__Your objective__. Please give the whole listing again word for word, and drop any pictures it holds.

__Data shown__.
•••
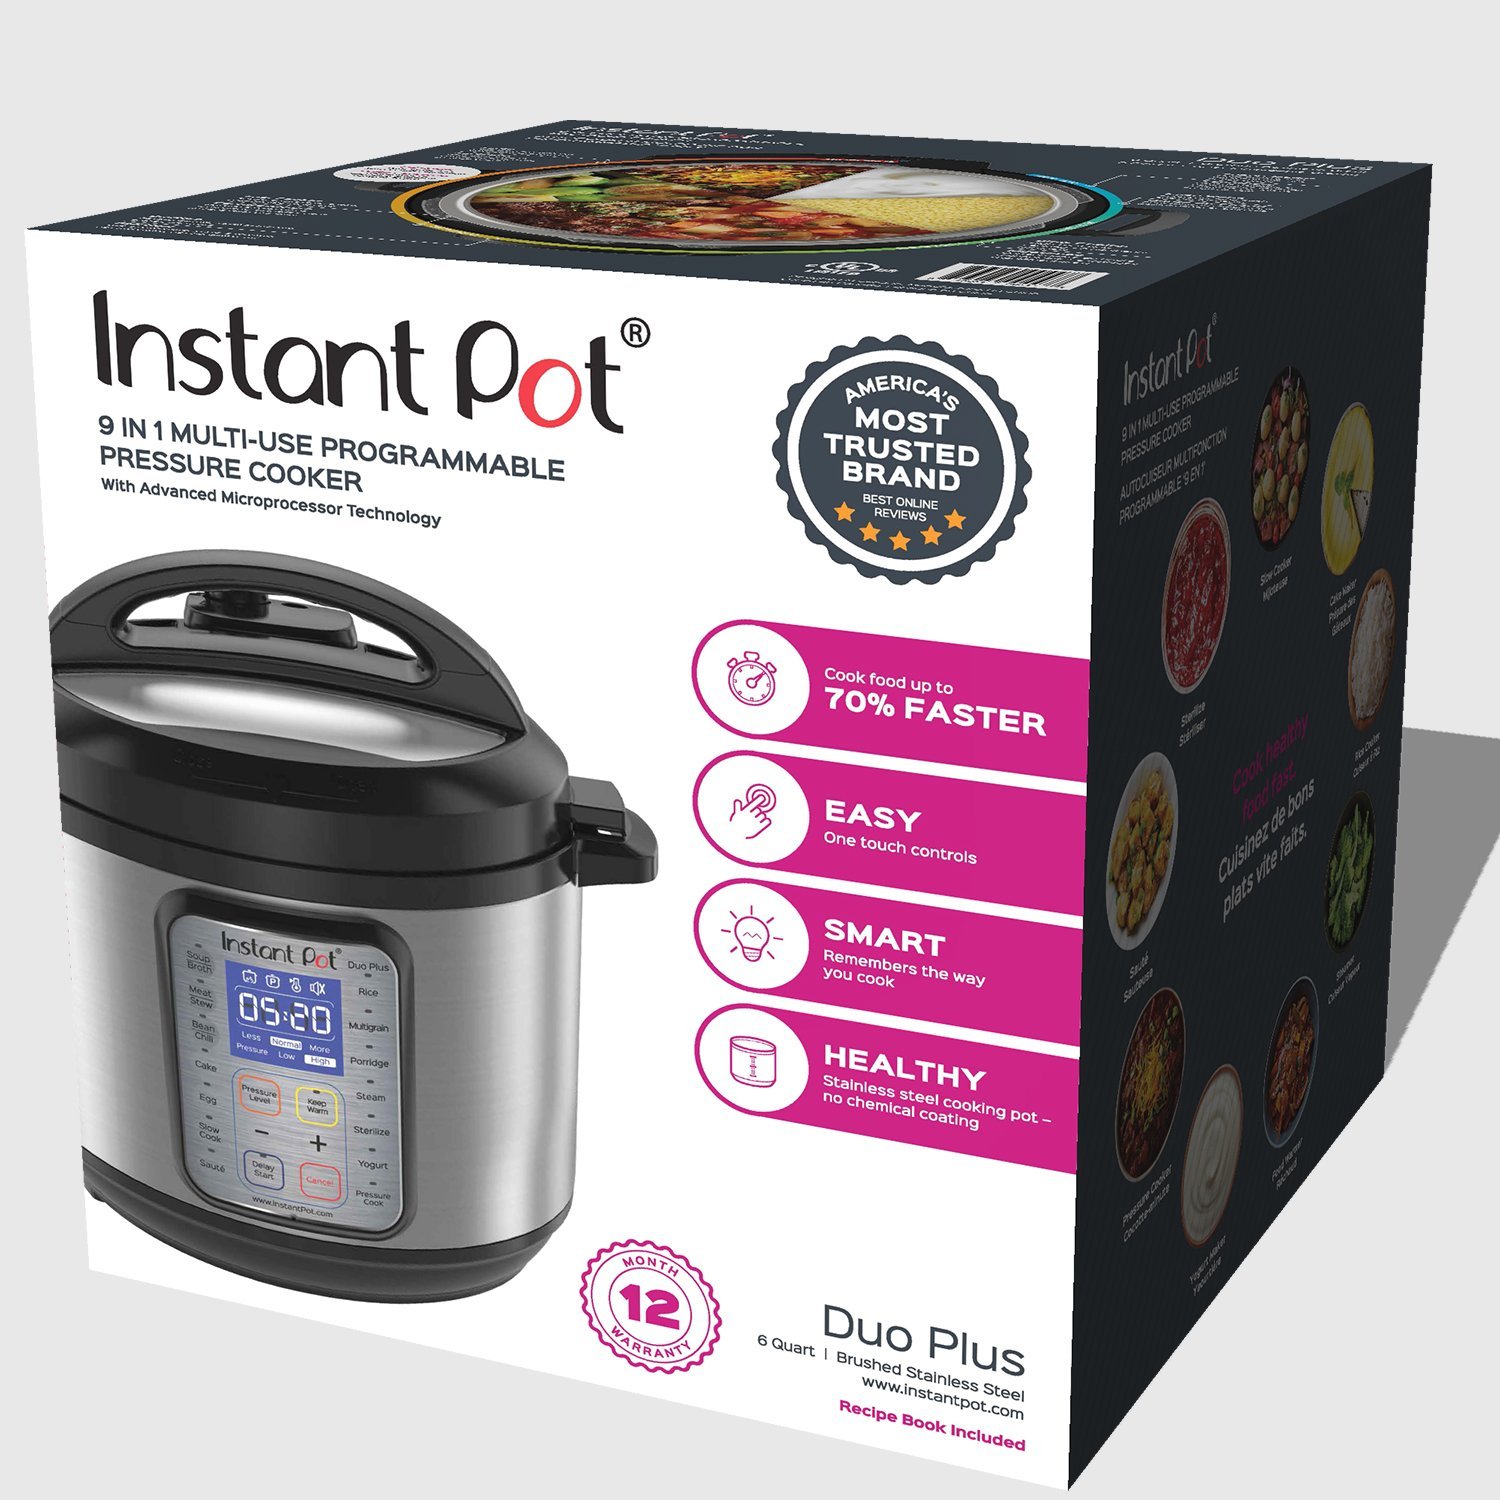 Instant Pot DUO Plus 6-Qt 9-in-1 Multi- Use Cooker $74.95 (reg. $119.95) 
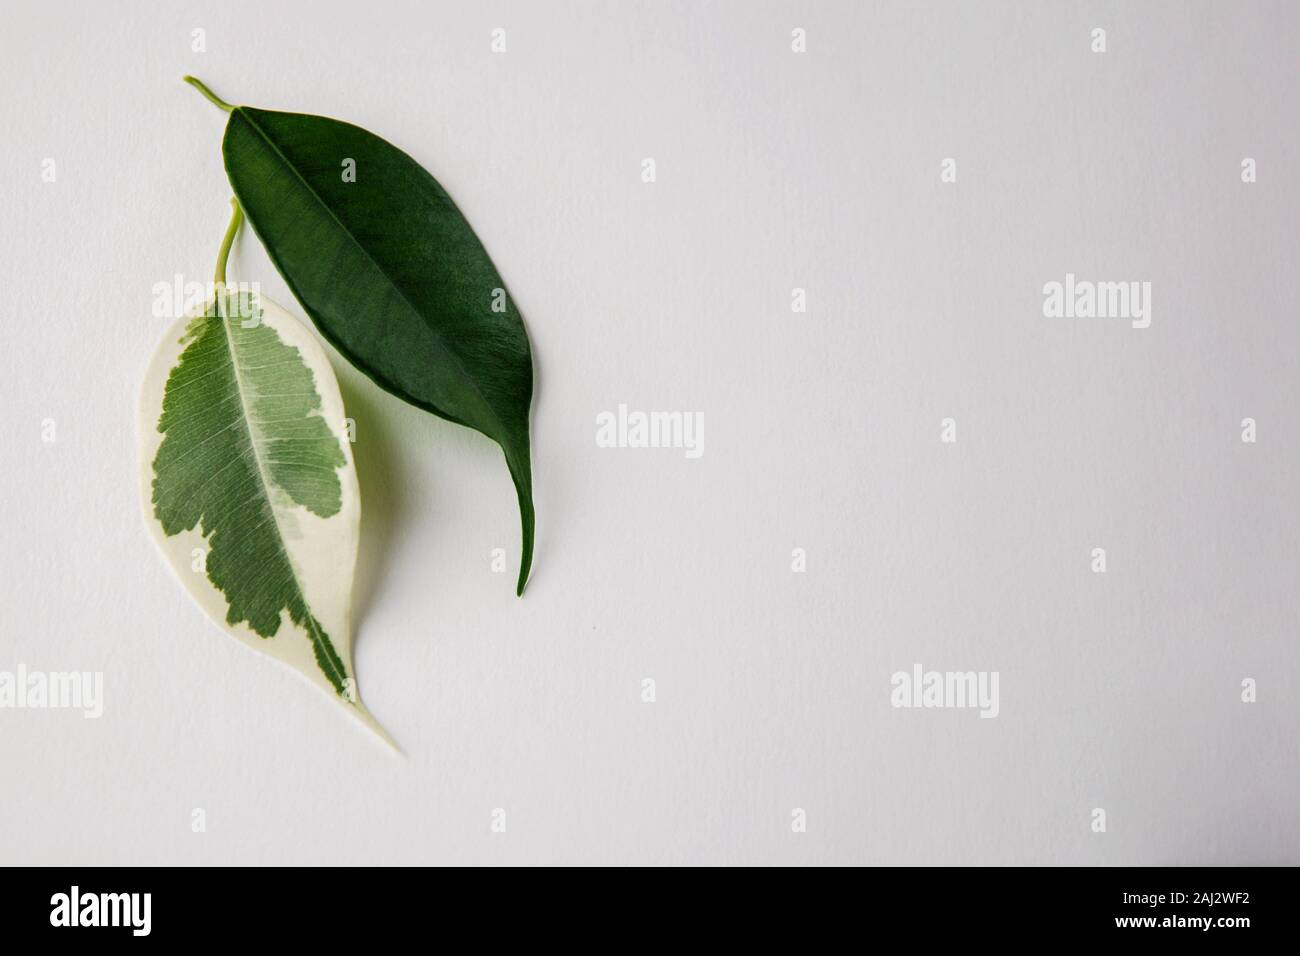 Two green leaves on white background. One leaf has white spots. Vitiligo skin problem symbol. Stock Photo
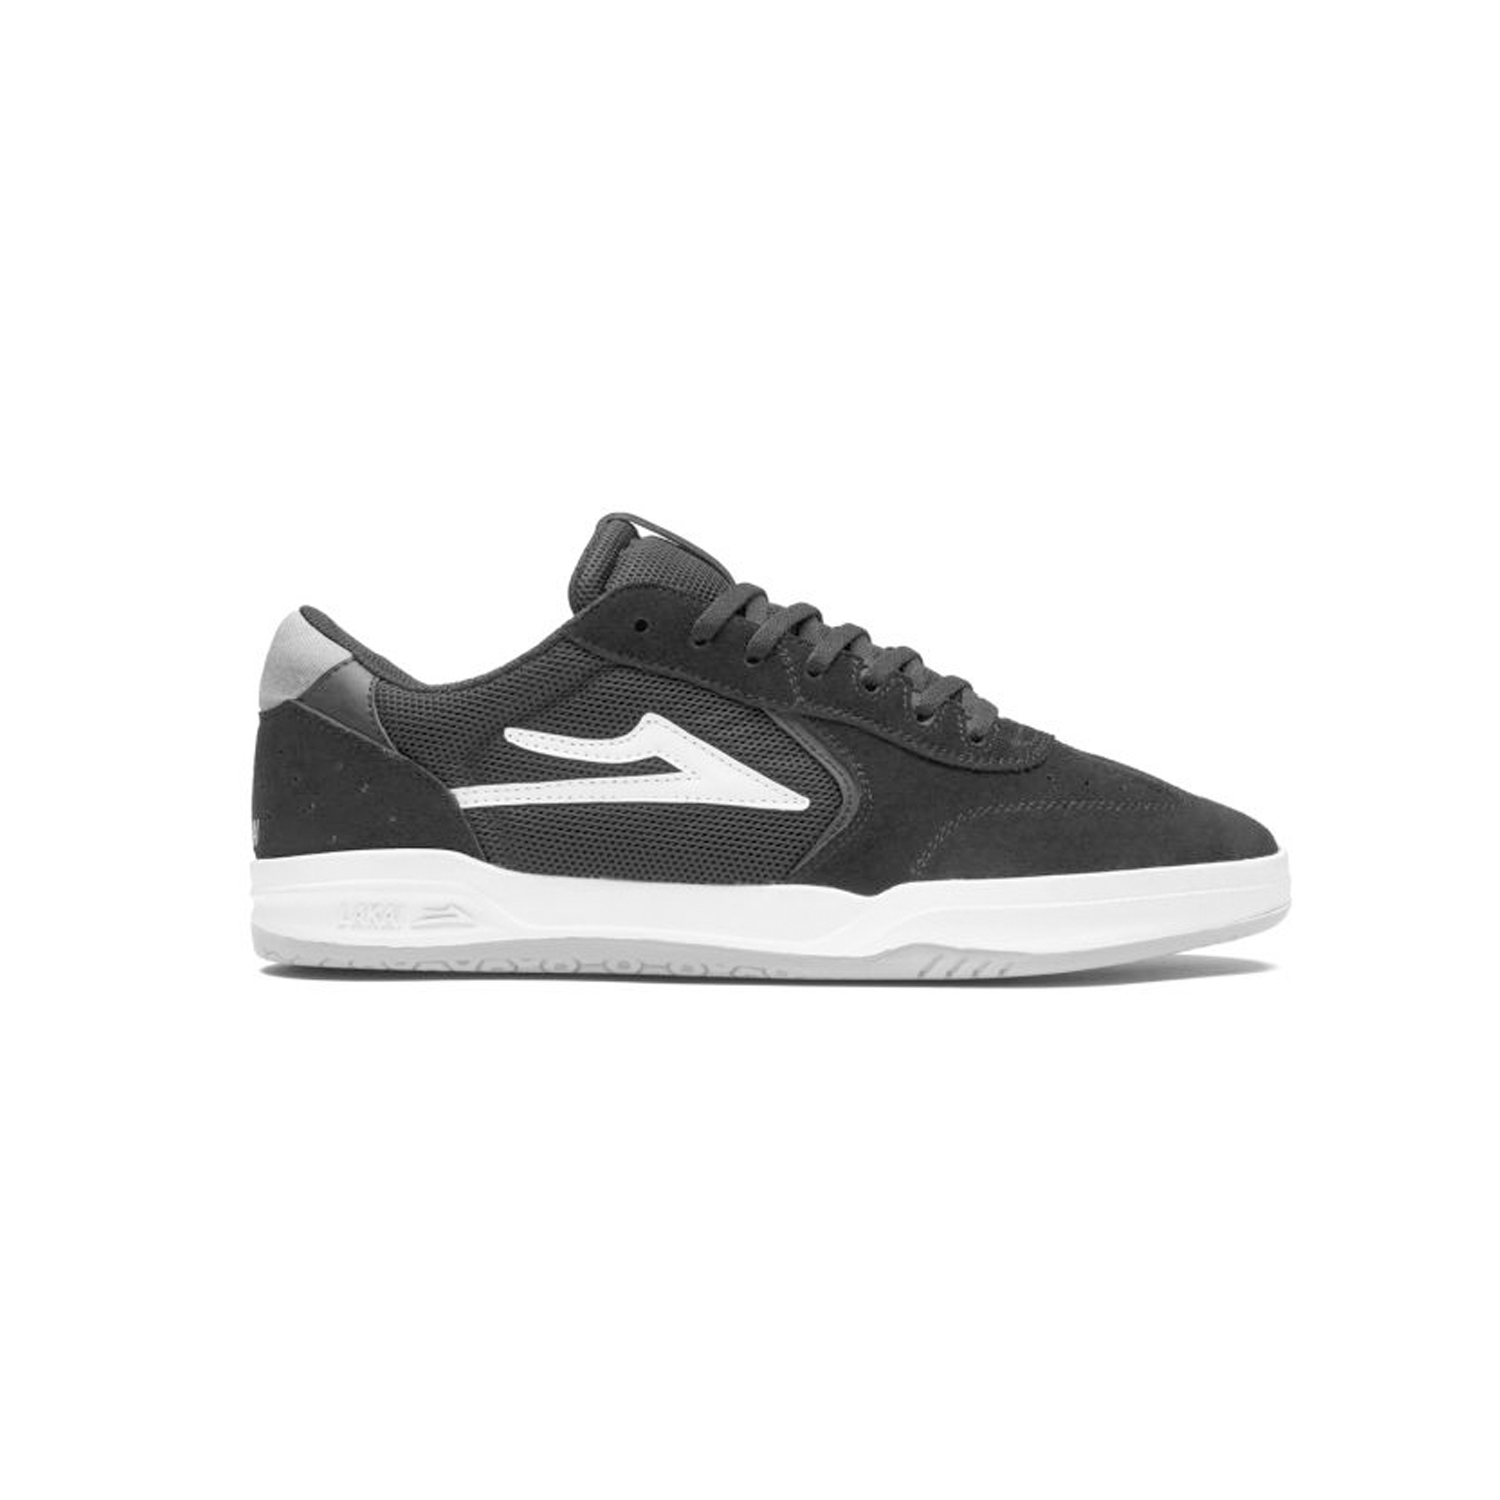 Lakai - Atlantic Skateboard Shoes - Black/Light Grey Suede SALE
•••
__Solution for this task__.
 Instant Pot DUO Plus 6-Qt 9-in-1 Multi- Use Cooker $74.95 (reg. $119.95) 
 Two green leaves on white background. One leaf has white spots. Vitiligo skin problem symbol. Stock Photo
 Lakai - Atlantic Skateboard Shoes - Black/Light Grey Suede SALE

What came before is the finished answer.